++++ Material provided ++++

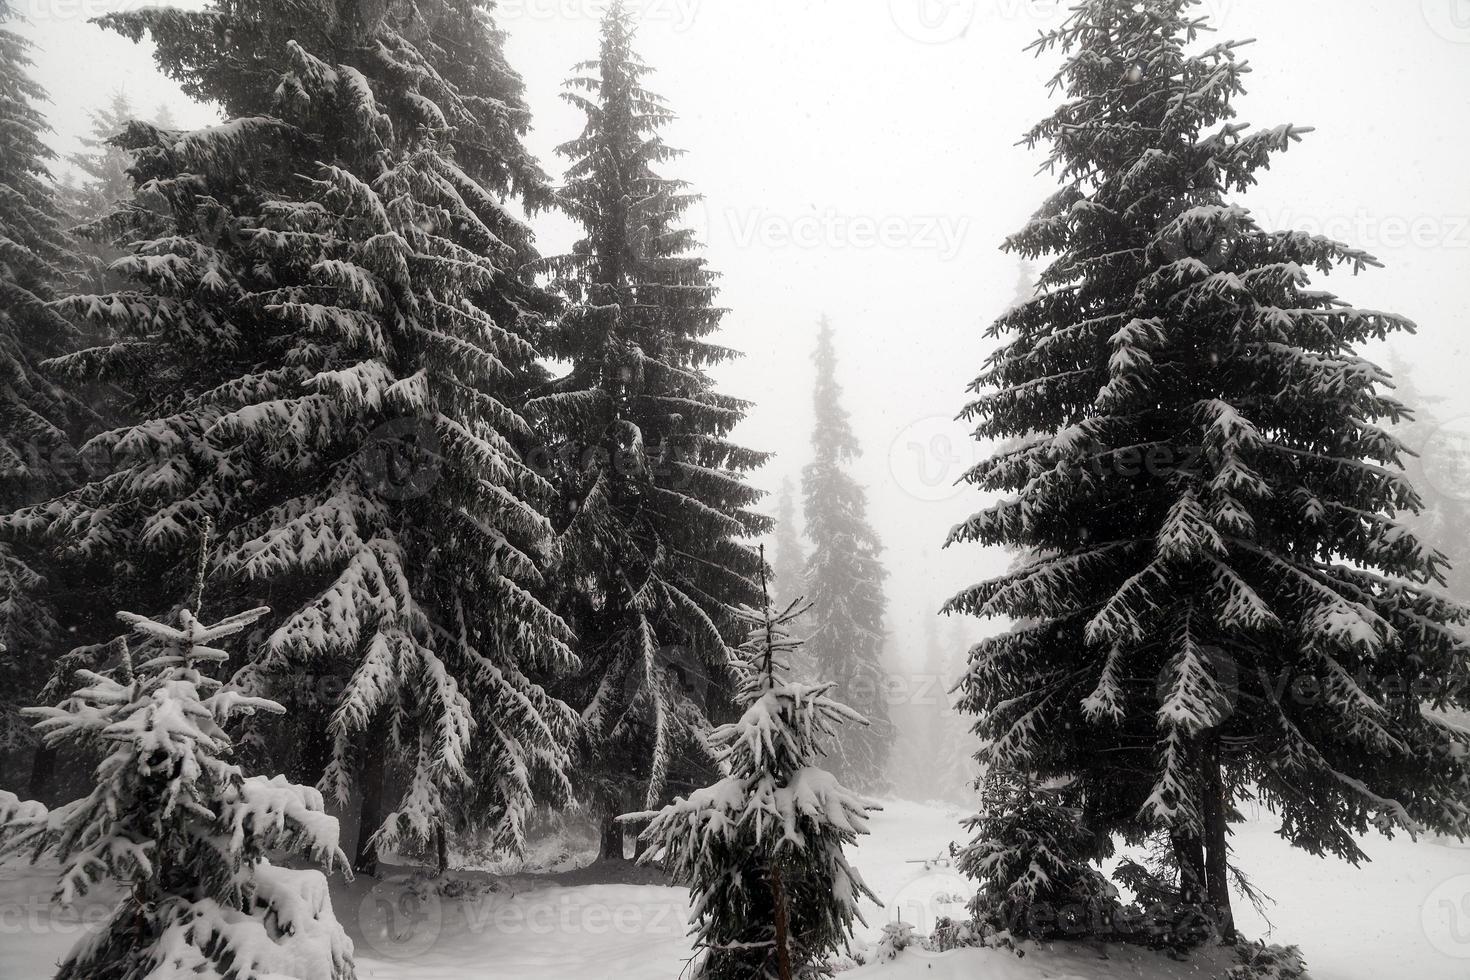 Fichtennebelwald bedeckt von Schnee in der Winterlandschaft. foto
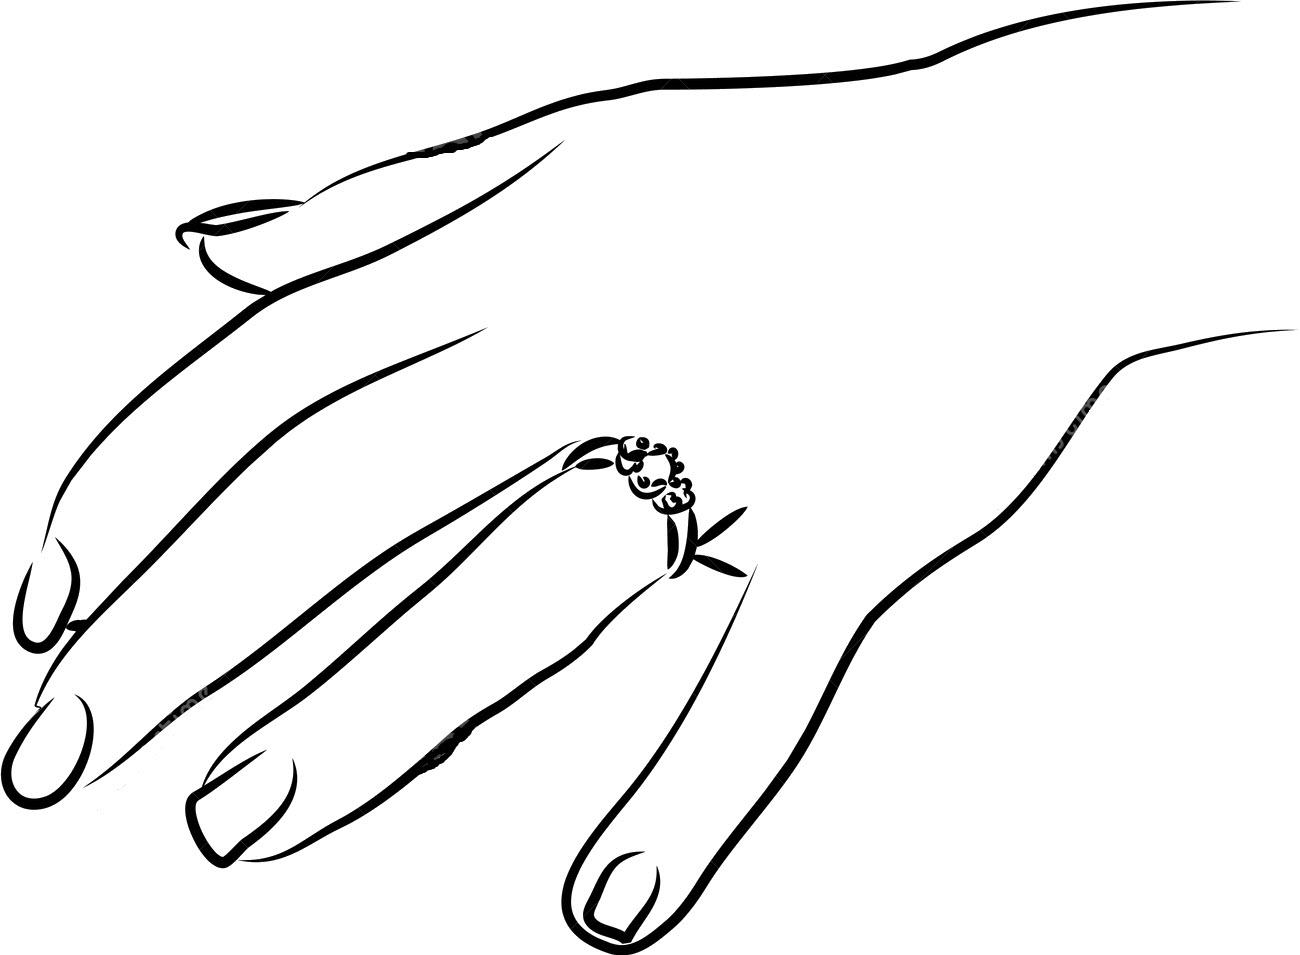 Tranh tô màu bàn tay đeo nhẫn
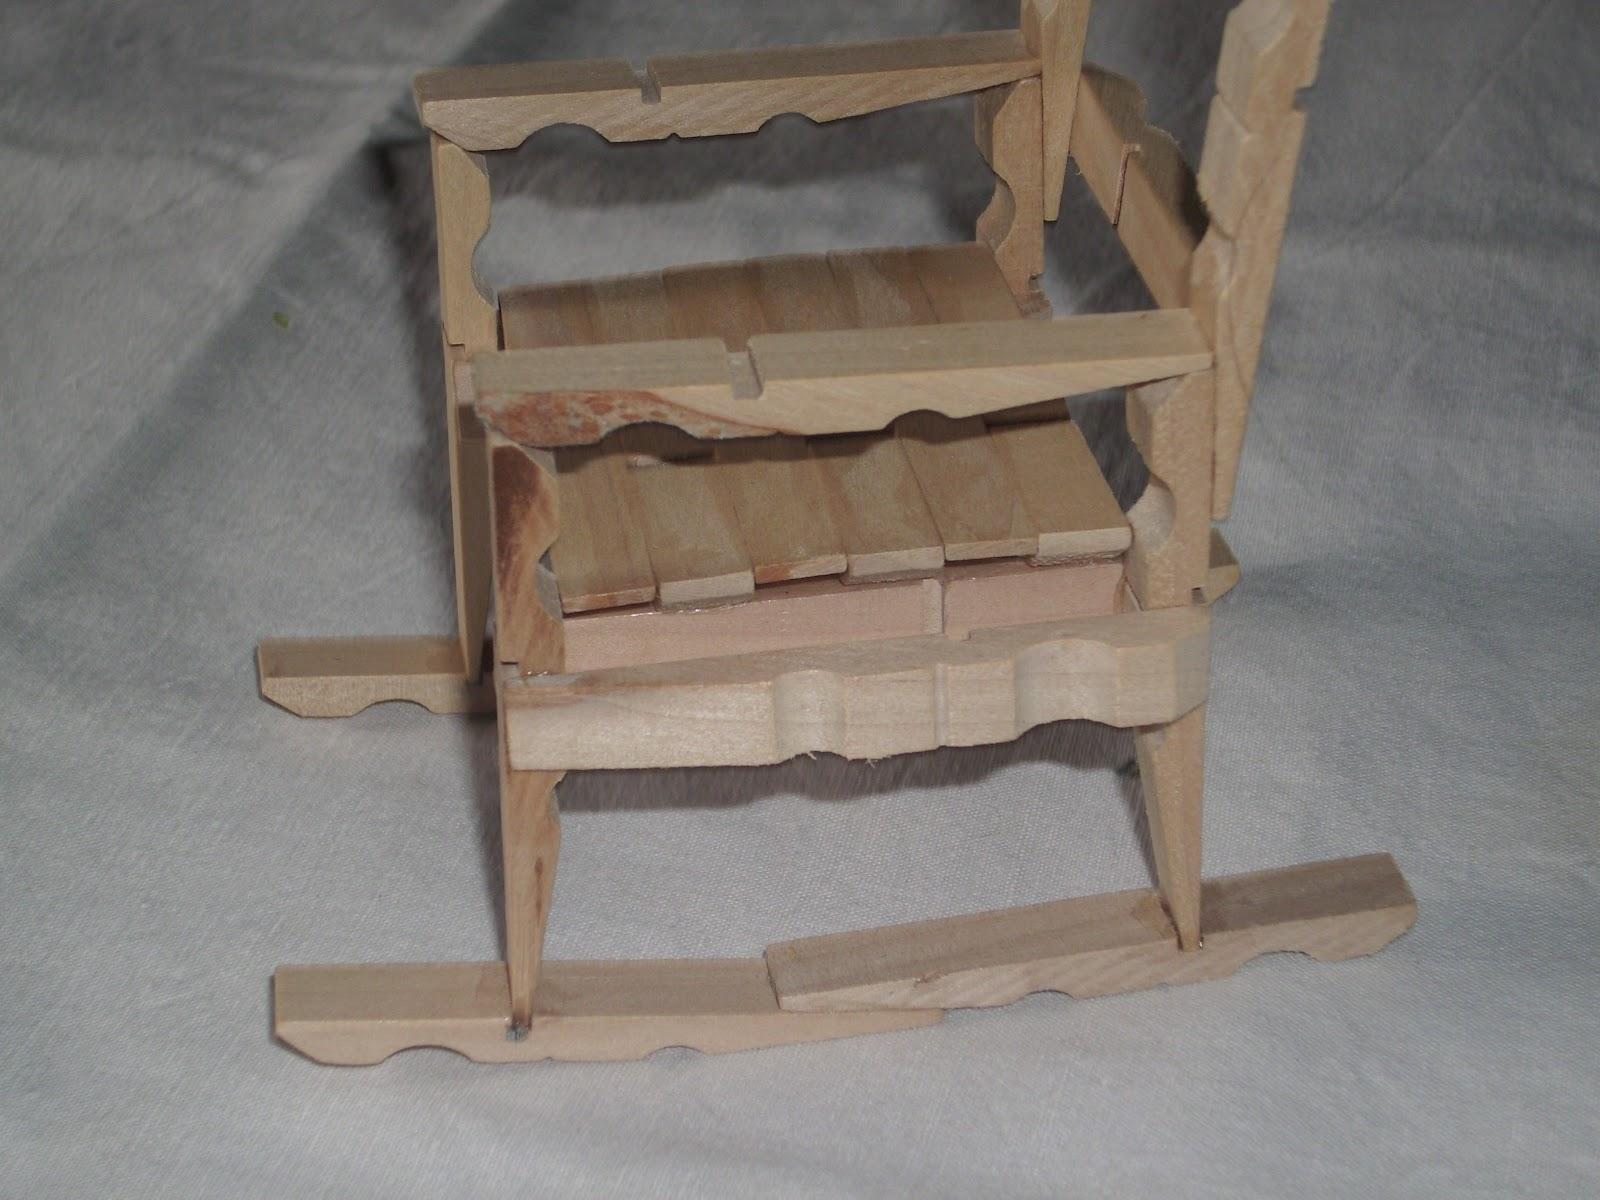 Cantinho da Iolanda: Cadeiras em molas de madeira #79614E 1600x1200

++++

◆ What is needed:
What you give back must be exactly the lines of the listing above from the line containing "Tranh tô màu bàn tay đeo nhẫn" through its last line, inclusive, without pictures, please.

◆ The answer:
 Tranh tô màu bàn tay đeo nhẫn
 Cantinho da Iolanda: Cadeiras em molas de madeira #79614E 1600x1200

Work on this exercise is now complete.